### INPUT DATA
================

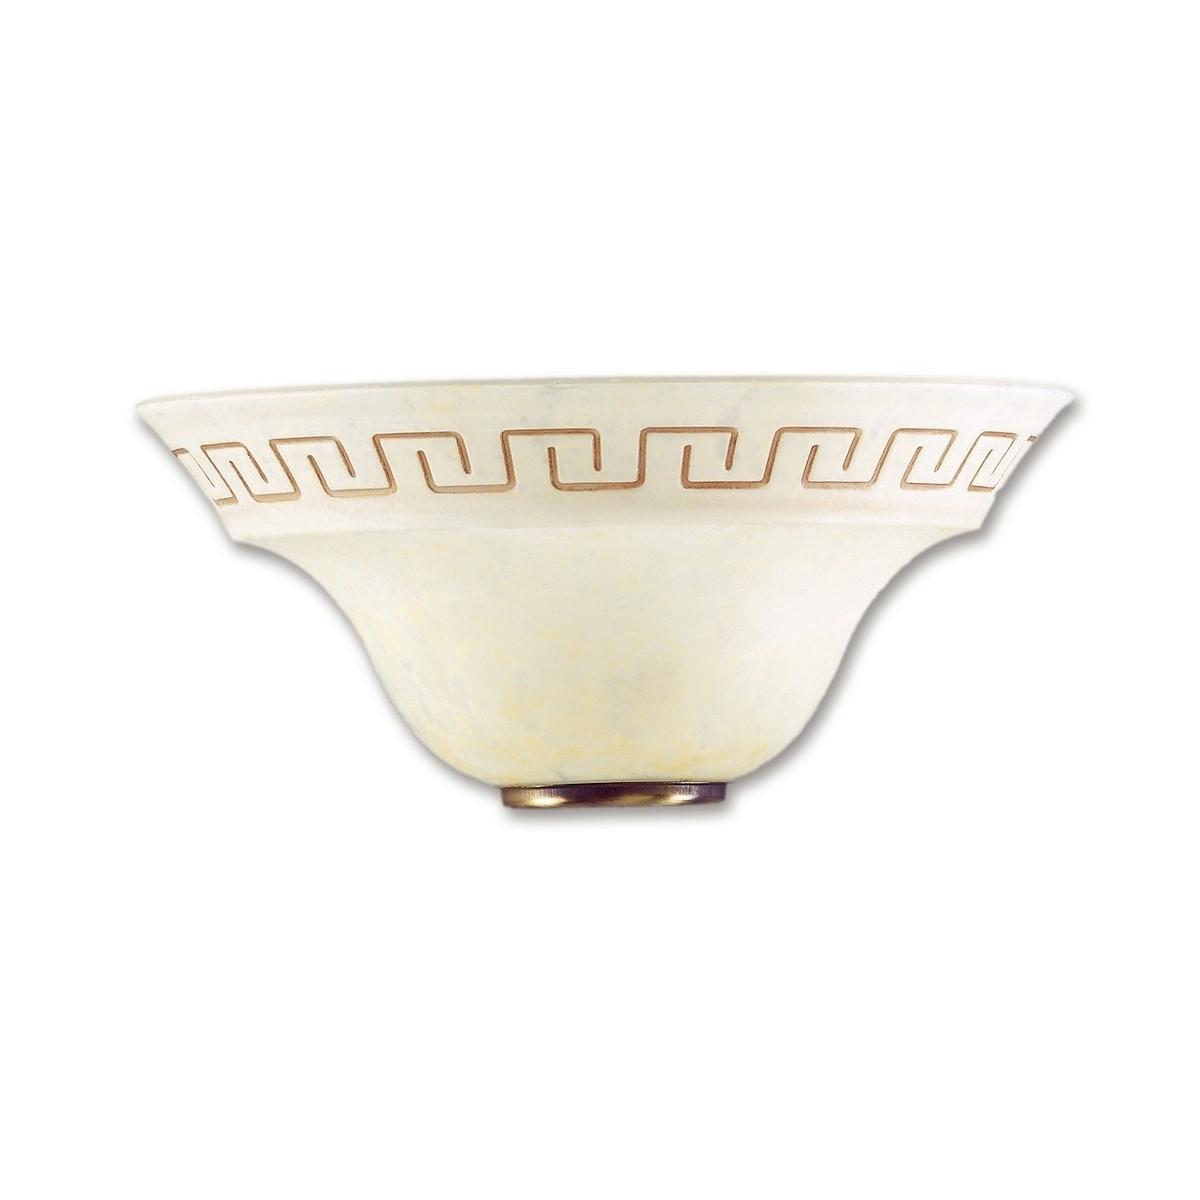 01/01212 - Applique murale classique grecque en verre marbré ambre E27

================

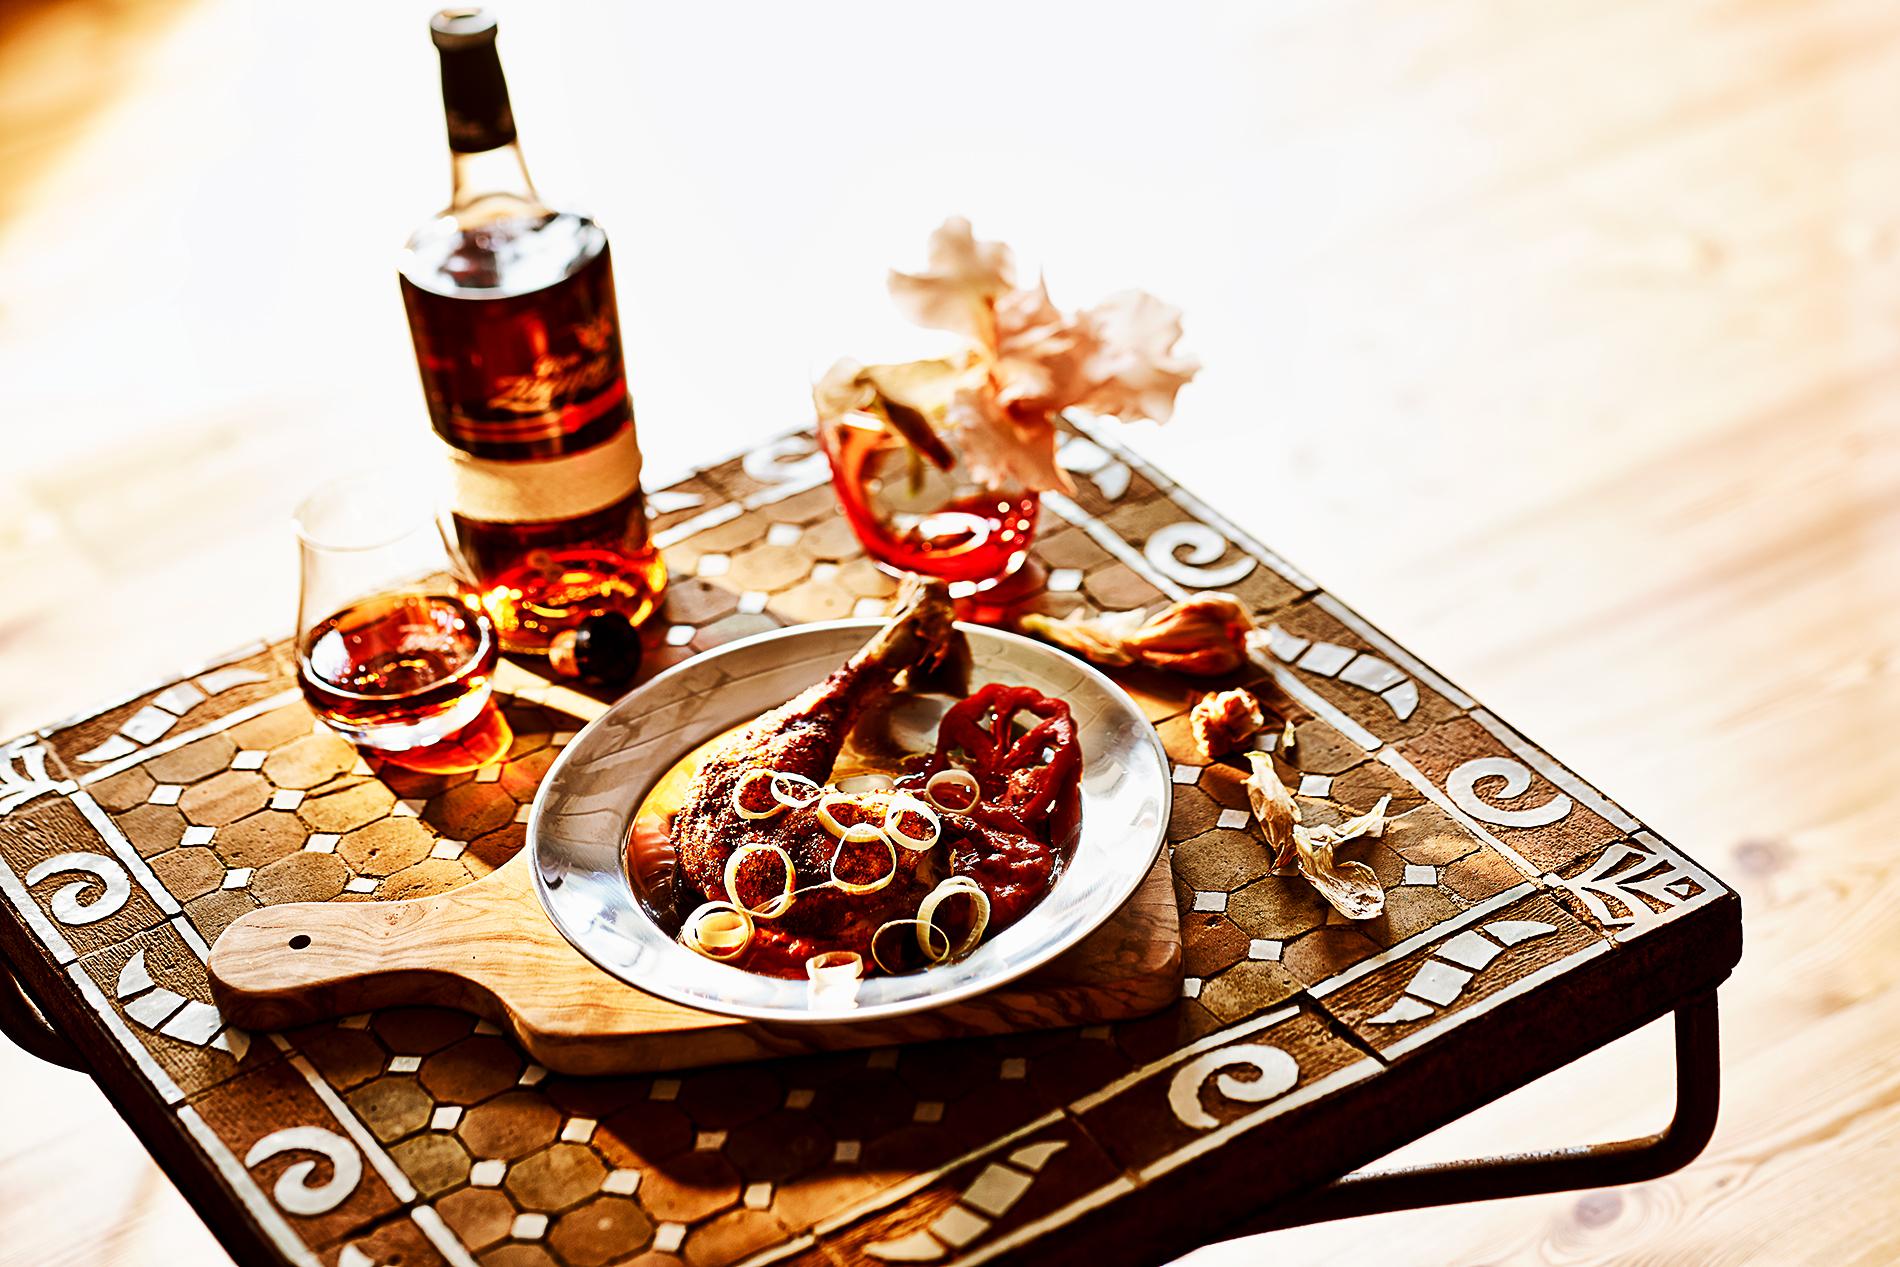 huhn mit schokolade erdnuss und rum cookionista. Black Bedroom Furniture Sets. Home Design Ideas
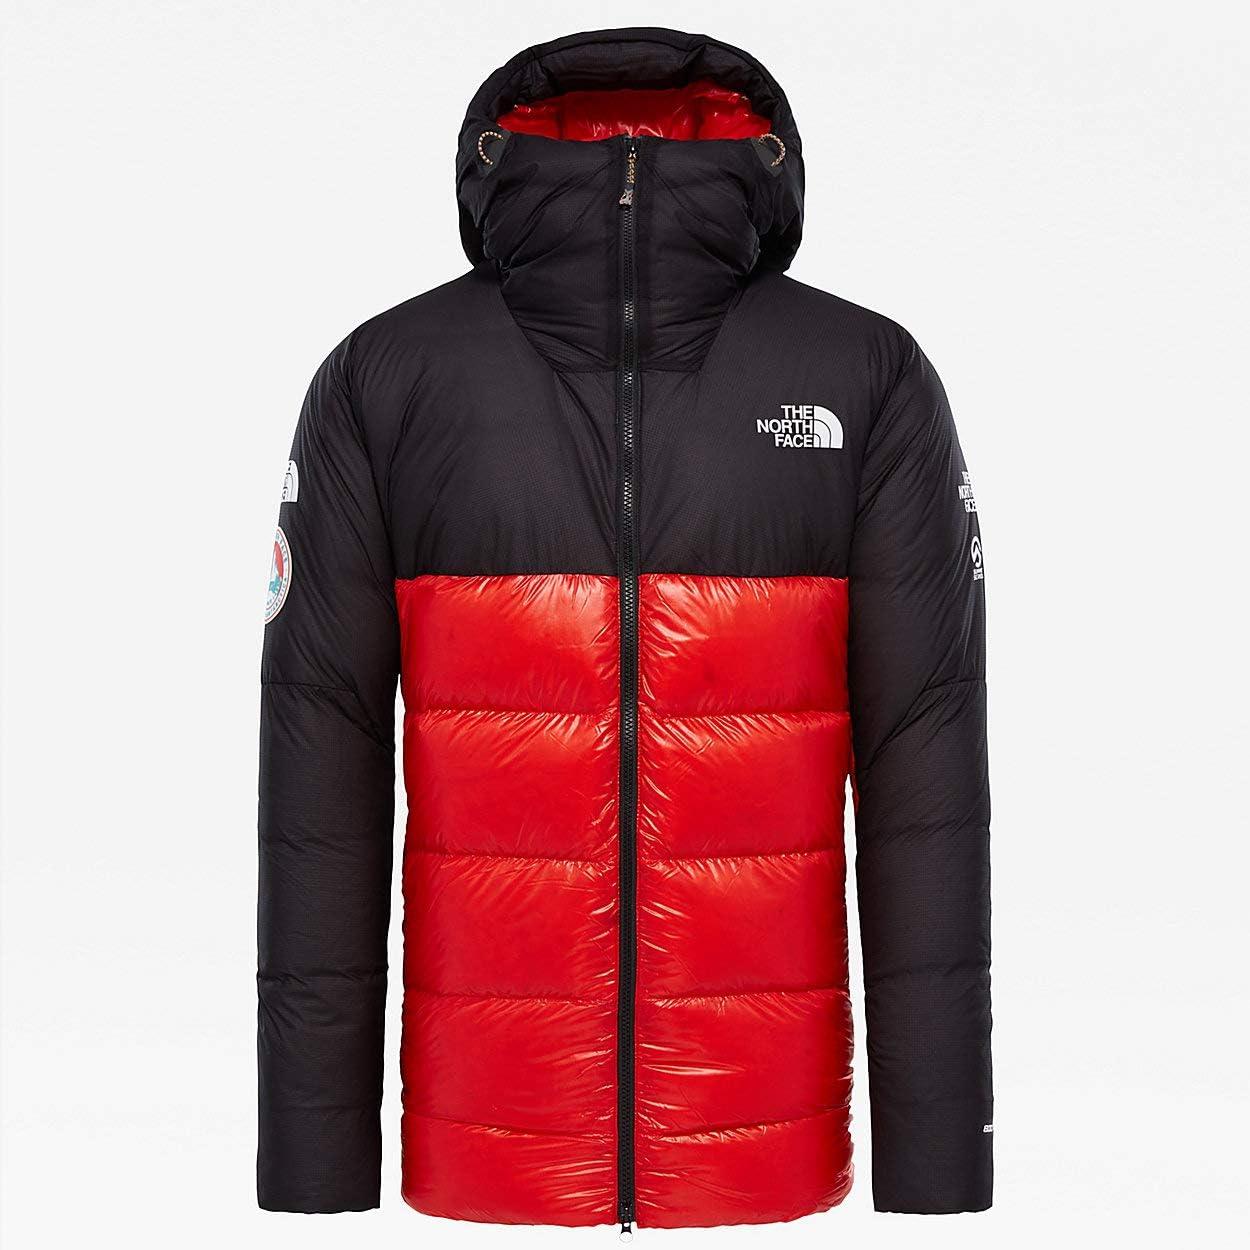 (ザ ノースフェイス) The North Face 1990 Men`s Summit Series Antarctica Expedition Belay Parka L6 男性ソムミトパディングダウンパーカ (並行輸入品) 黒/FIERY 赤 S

================

### TASK REQUIREMENTS
Word for word, repeat the lines above from the one with "huhn mit schokolade" through the one with "(ザ ノースフェイス) The", and nothing beyond them. Omit the pictures.

### ANSWER TO THE EXERCISE
 huhn mit schokolade erdnuss und rum cookionista. Black Bedroom Furniture Sets. Home Design Ideas
 (ザ ノースフェイス) The North Face 1990 Men`s Summit Series Antarctica Expedition Belay Parka L6 男性ソムミトパディングダウンパーカ (並行輸入品) 黒/FIERY 赤 S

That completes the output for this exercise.